As soon as the line containing "McGovern Centennial Gardens" appears in the material below, start returning lines exactly, and end with the line containing "Mid-20th Century Pair".

### TASK MATERIAL
☆ ☆ ☆ ☆

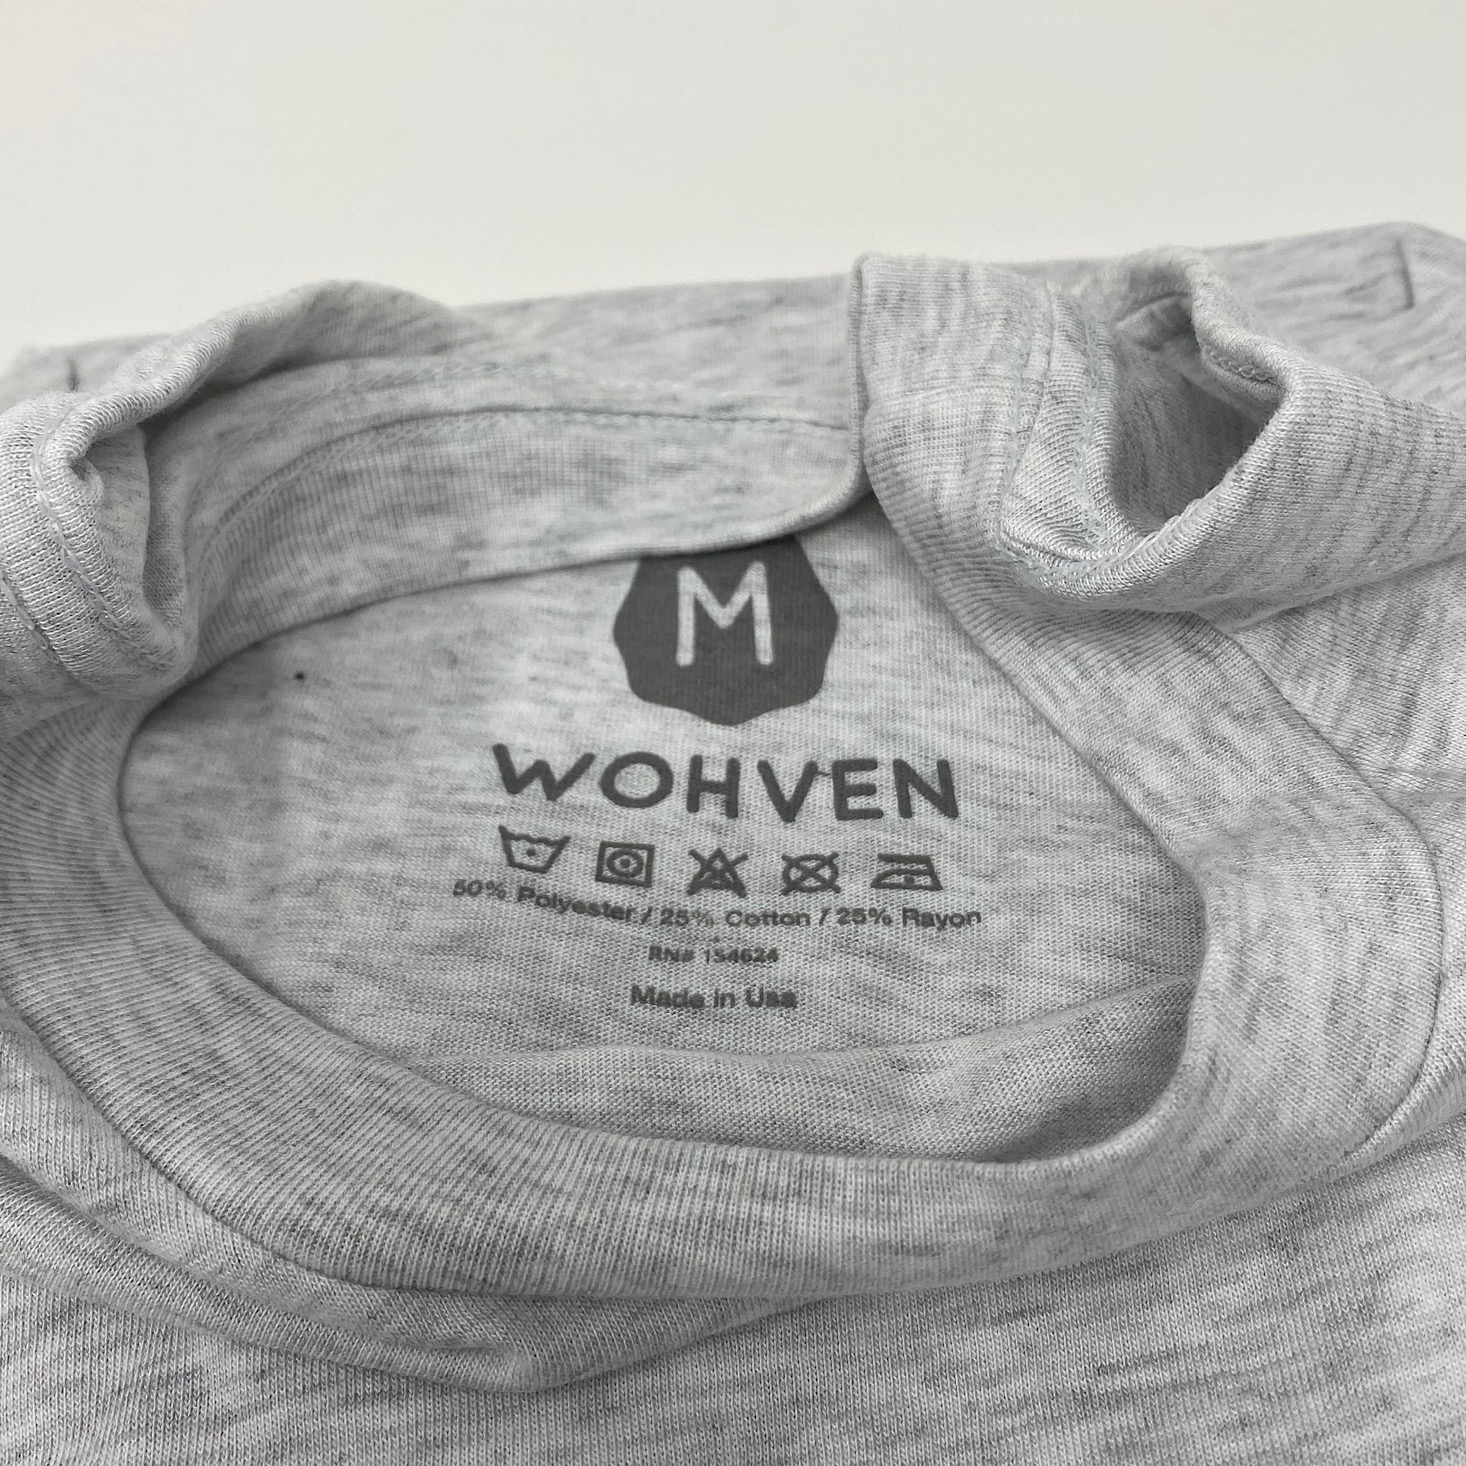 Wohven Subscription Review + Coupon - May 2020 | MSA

☆ ☆ ☆ ☆

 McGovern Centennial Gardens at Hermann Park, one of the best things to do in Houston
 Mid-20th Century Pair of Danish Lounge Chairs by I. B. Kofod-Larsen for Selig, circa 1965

☆ ☆ ☆ ☆

### WRITTEN ANSWER
 McGovern Centennial Gardens at Hermann Park, one of the best things to do in Houston
 Mid-20th Century Pair of Danish Lounge Chairs by I. B. Kofod-Larsen for Selig, circa 1965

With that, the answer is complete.